Objectives A number of individuals have acquired lymphogranuloma venereum (LGV) infection multiple times since its re-emergence. We describe the characteristics of reinfections and those who acquire them.

Methods The LGV Enhanced Surveillance system collected detailed information on LGV episodes in the UK from 2004 to 2010. Using logistic regression we compared the baseline characteristics of men who have sex with men (MSM) who had a repeat LGV episode (‘repeaters’) to MSM with a single reported episode (‘non-repeaters’).

Results There were 66 individuals among the 1281 MSM (5.2%) with LGV episode who had a recorded reinfection during the data collection period. Those who acquired LGV reinfection were more likely to be HIV positive (97% vs 79%), visit a clinic in London (OR 2.0, 95% CI 1.1 to 3.8), and have hepatitis C (OR 2.2, 95% CI 1.1 to 4.6) or concurrent gonorrhoea (OR 2.2, 95% CI 1.2 to 3.8) on their first recorded LGV episode. Repeaters reported higher levels of unprotected sex, but behavioural variables were not significantly different between repeaters and non-repeaters.
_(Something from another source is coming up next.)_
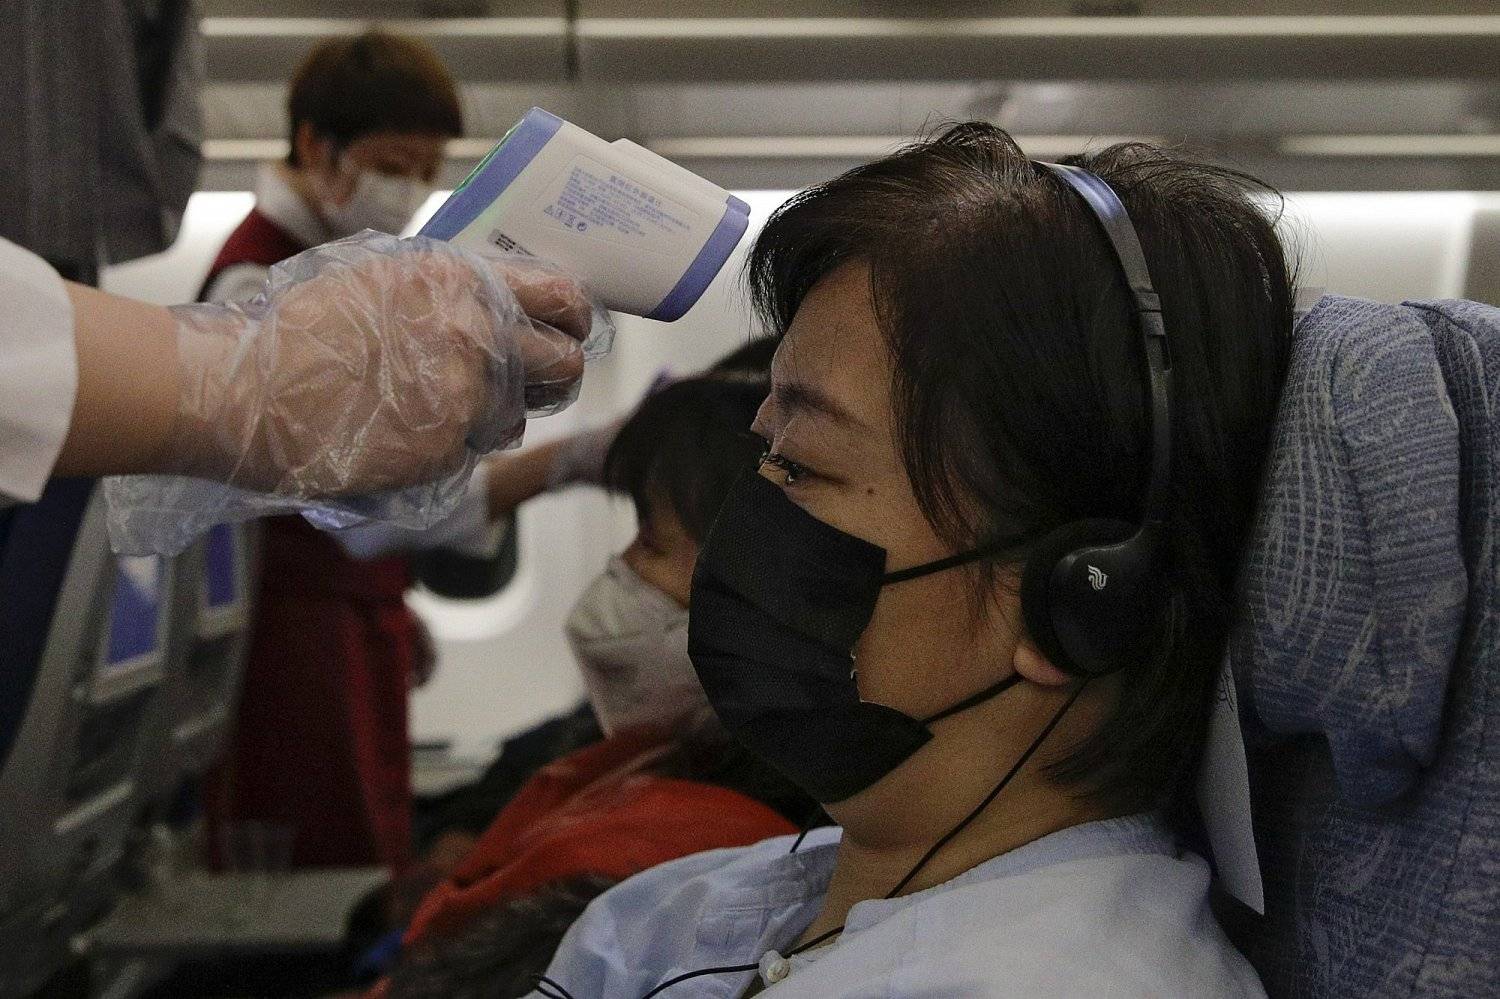 Путешествие в корею во время пандемии - корея и мир

Conclusions Among LGV repeaters, risk behaviour alone did not explain subsequent reinfection. LGV repeaters have a high level of other sexually transmitted infections (STIs) which may be linked to their central position in the sexual network that contributes to their heightened risk of STI acquisition. Given the low prevalence of LGV in the general MSM population, momentary increases in incidence in subsets of the population may be an important factor for LGV risk where the overall level of sexual risk behaviour is higher. Validating this would require research into sexual network structures.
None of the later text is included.